The meaning and concepts of the sharing economy tend to be ambiguous and have generated debate about what transactions can fall under the sharing economy concept; some have argued that the term is misleading. However, some have worked to identify defining characteristics of the sharing economy, including consumer-to-consumer interaction and temporary access and physical goods. Thus, hitchhiking and carpooling can fall under the sharing economy while a trip from a ridesharing program, such as Lyft or Uber, would not because those occur due to a consumer's order, and they can be considered to exist only to fulfill that transaction. Similarly, a person buying a second home to rent it out permanently does not constitute a sharing economy, while a platform like eBay is part of a second-hand economy.

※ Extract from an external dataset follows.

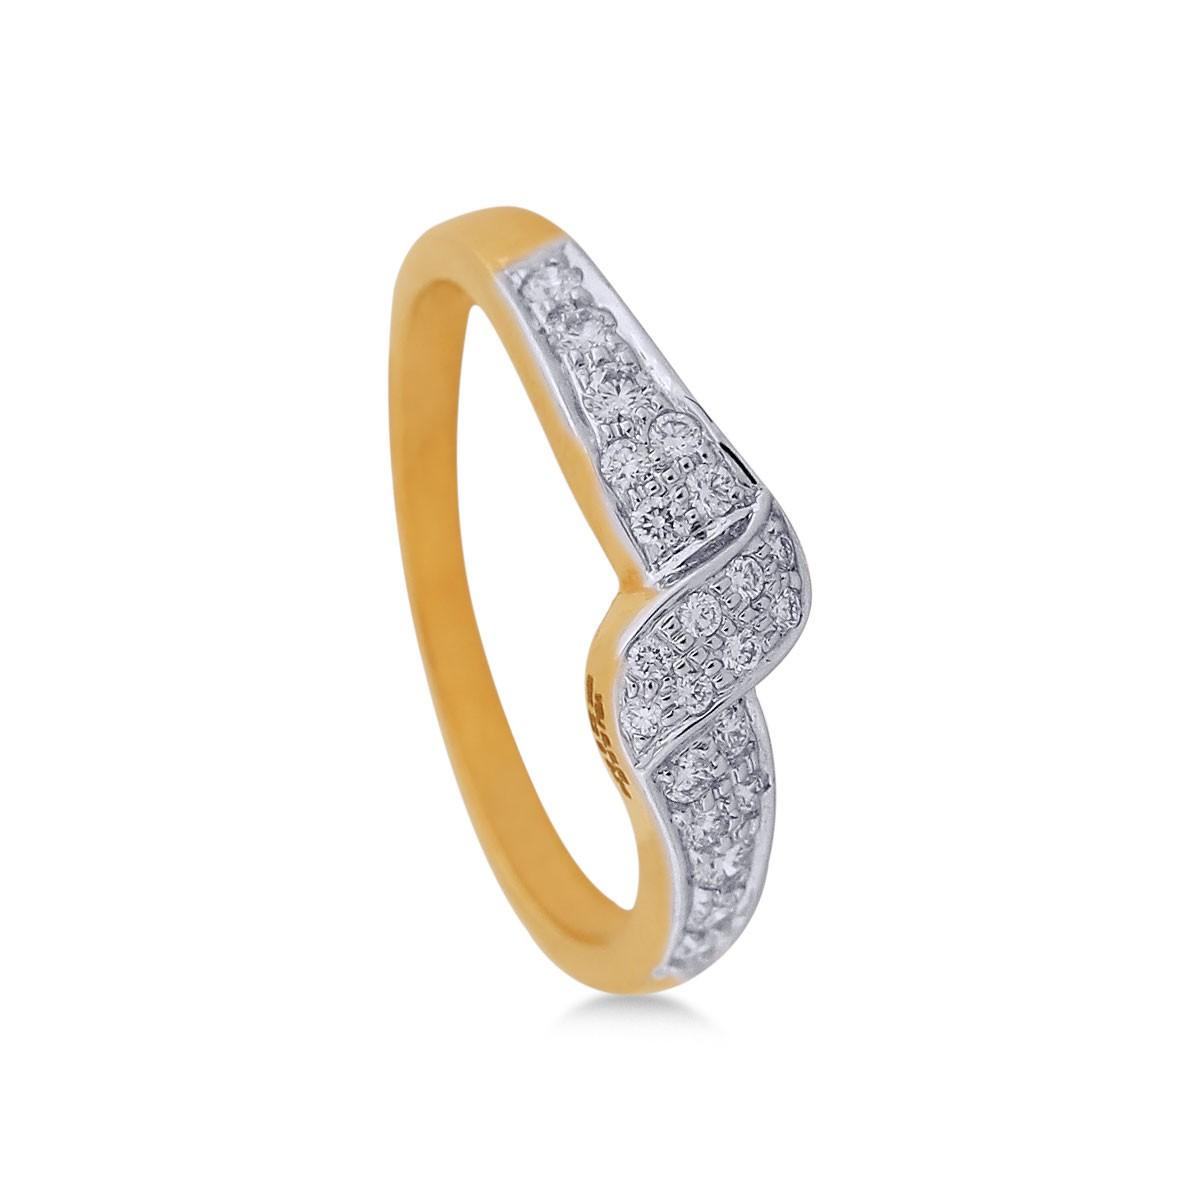 Cadence Diamond Ring

As well, the modern concept of the sharing economy is computer-mediated, based on social media platforms, and according to some, inspired by the open-source software movement. Based on this, some consider the sharing economy as an umbrella term that can include file sharing, open-source software, crowdfunding, peer-to-peer lending, bitcoin, and other forms of blockchain.

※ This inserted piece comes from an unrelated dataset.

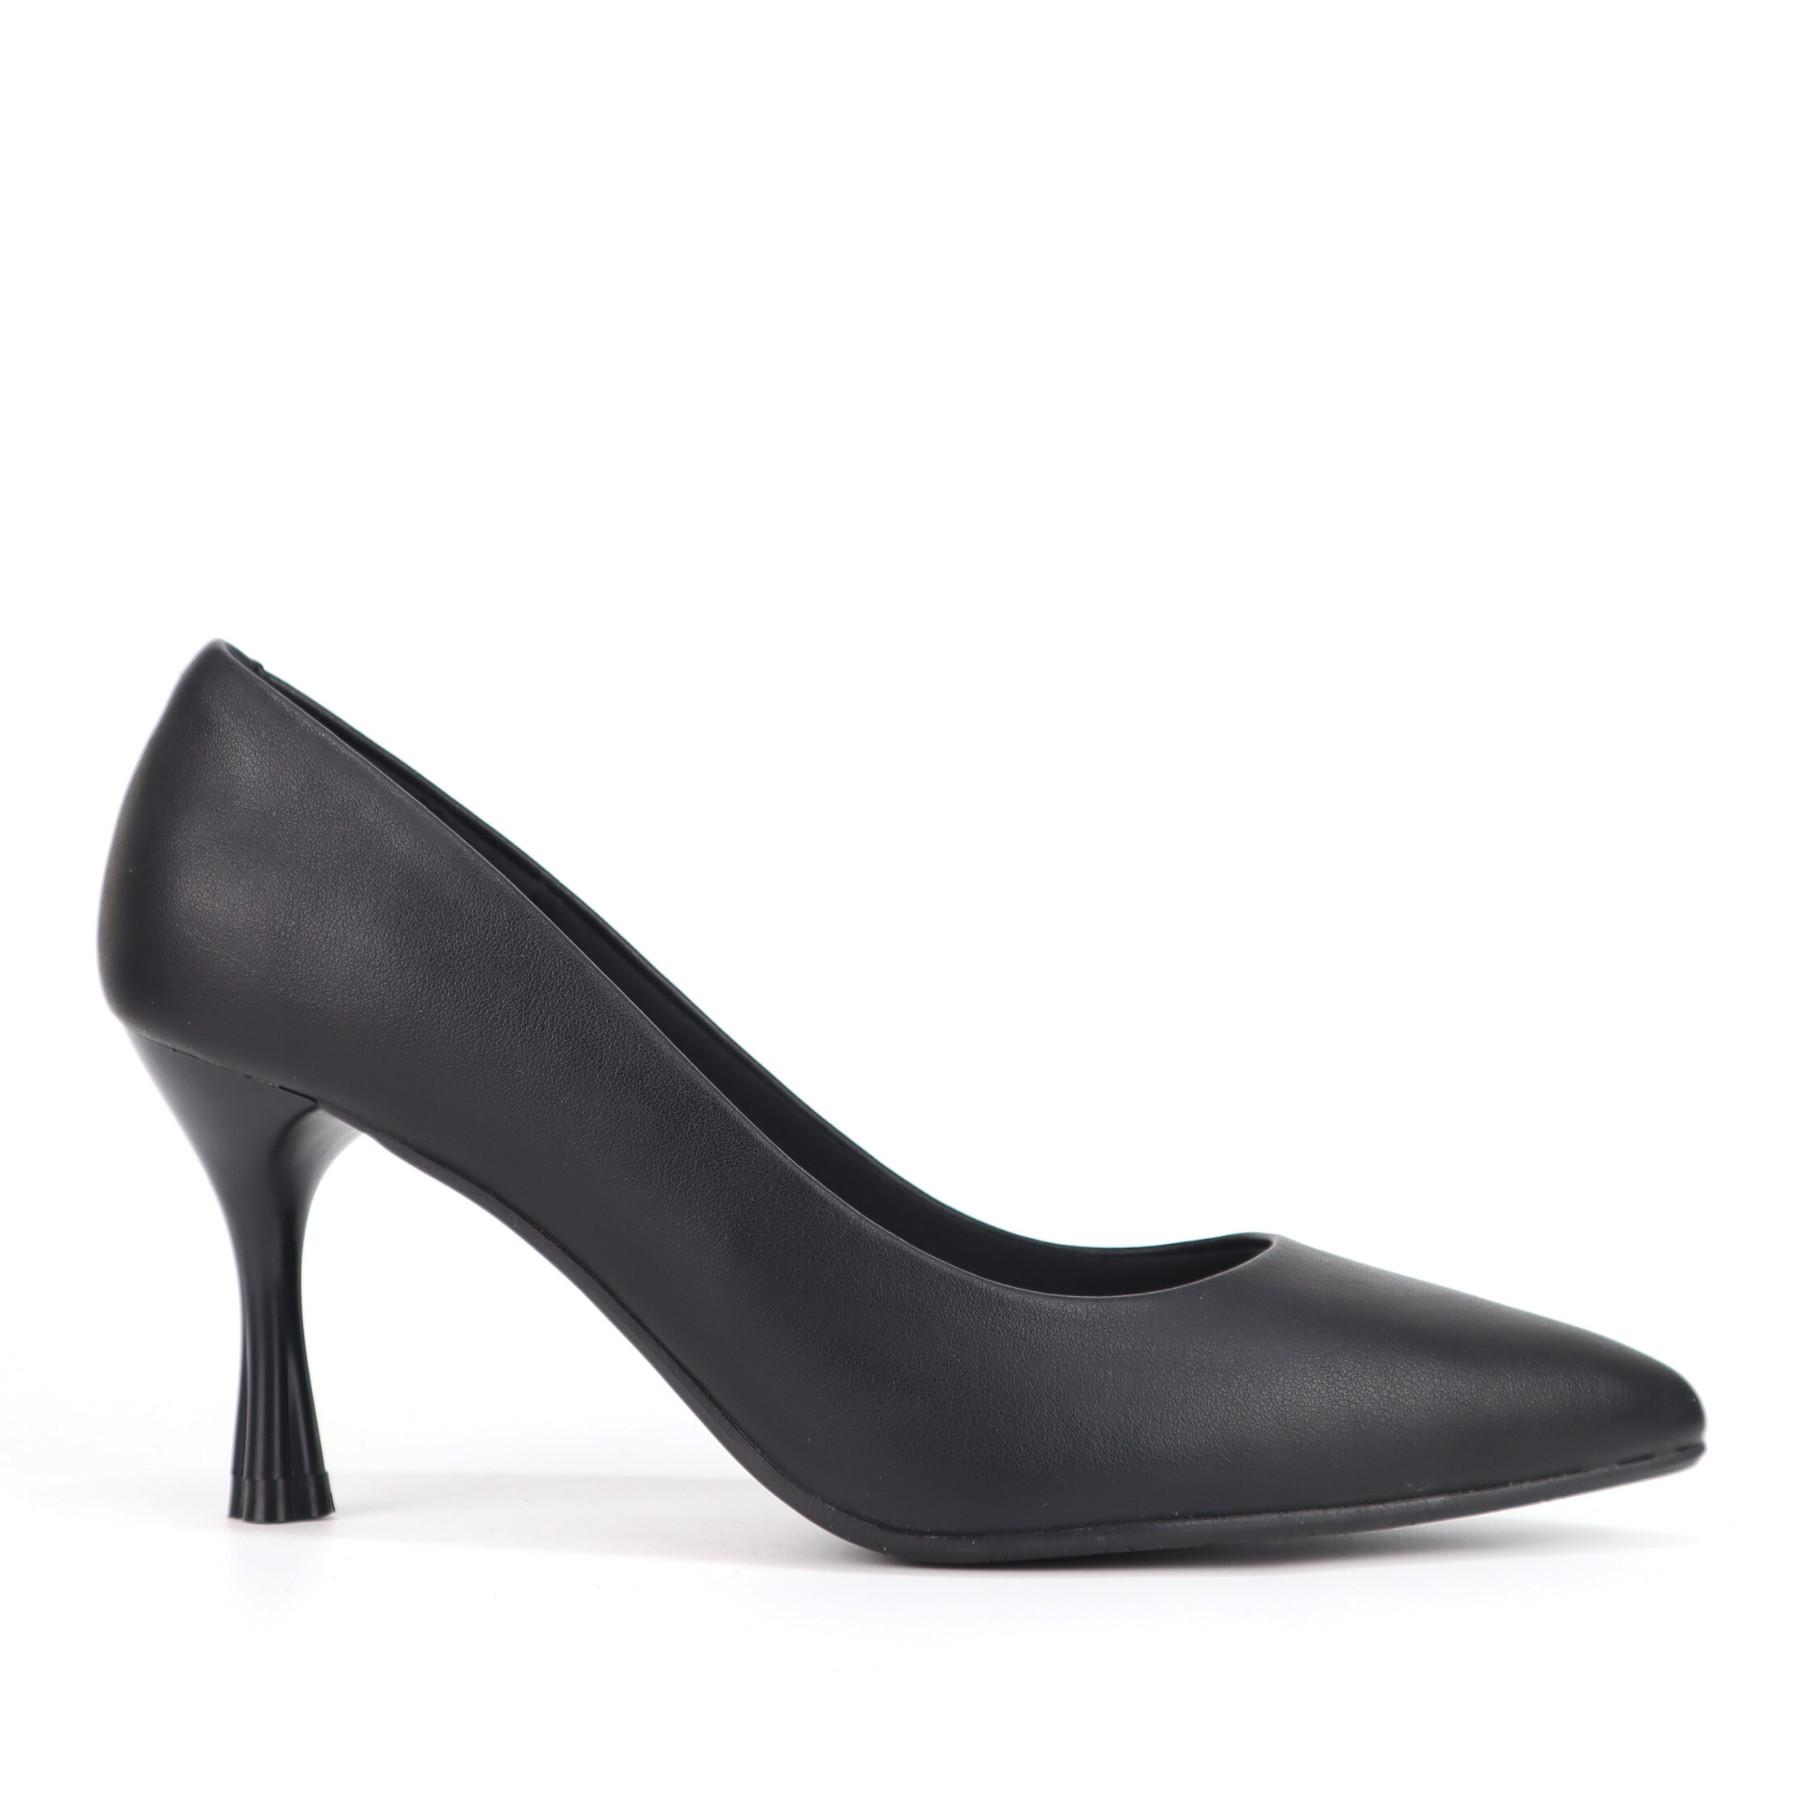 Giày cao gót basic 7cm mũi nhọn êm chân Cillie 1199

Blockchain-based platforms have also emerged for exchanging various goods and services in the sharing economy. For example, Golem allows users to exchange idle computing power with other users who need to do substantial computation and don't have access to enough computing power. The difference between blockchain solutions and the earlier sharing economy businesses, such as Airbnb, is that blockchain solutions do not involve trusted third parties—they are decentralized. This provides some practical advantages as well as disadvantages.
Advantages of blockchain solutions include lower cost, greater transparency, permissionless participation, and platform security. Trusted third parties—also called middlemen—cost more, don't necessarily operate transparently, can exclude people from participating on their platforms, and are generally more vulnerable to hacks.
However, trusted third parties have the advantage of providing arbitration in the case of disputes between users. They can reverse transactions, manage reputation systems, and otherwise maintain stability within their community. All of those features are more complex to implement in decentralized systems.
As the sharing economy is part of the theme of emerging economies, such as the gig economy or the creator economy, these are often considered similar or the same. However, the gig economy tends to include applications and platforms, similar to the sharing economy, on which users can create economic opportunities from their spare time. This is the umbrella under which Uber would exist—even though the driver is "sharing" their vehicle, the way the service is offered is as "gig" work in which the person "sharing" their vehicle is also sharing their time and driver expertise. Ridesharing services are similar to taxi services but allow independent contractors and freelancers to work flexibly around their hours. A sharing economy version of this would see a person lend out their vehicle but not drive it, similar to an Airbnb for vehicles.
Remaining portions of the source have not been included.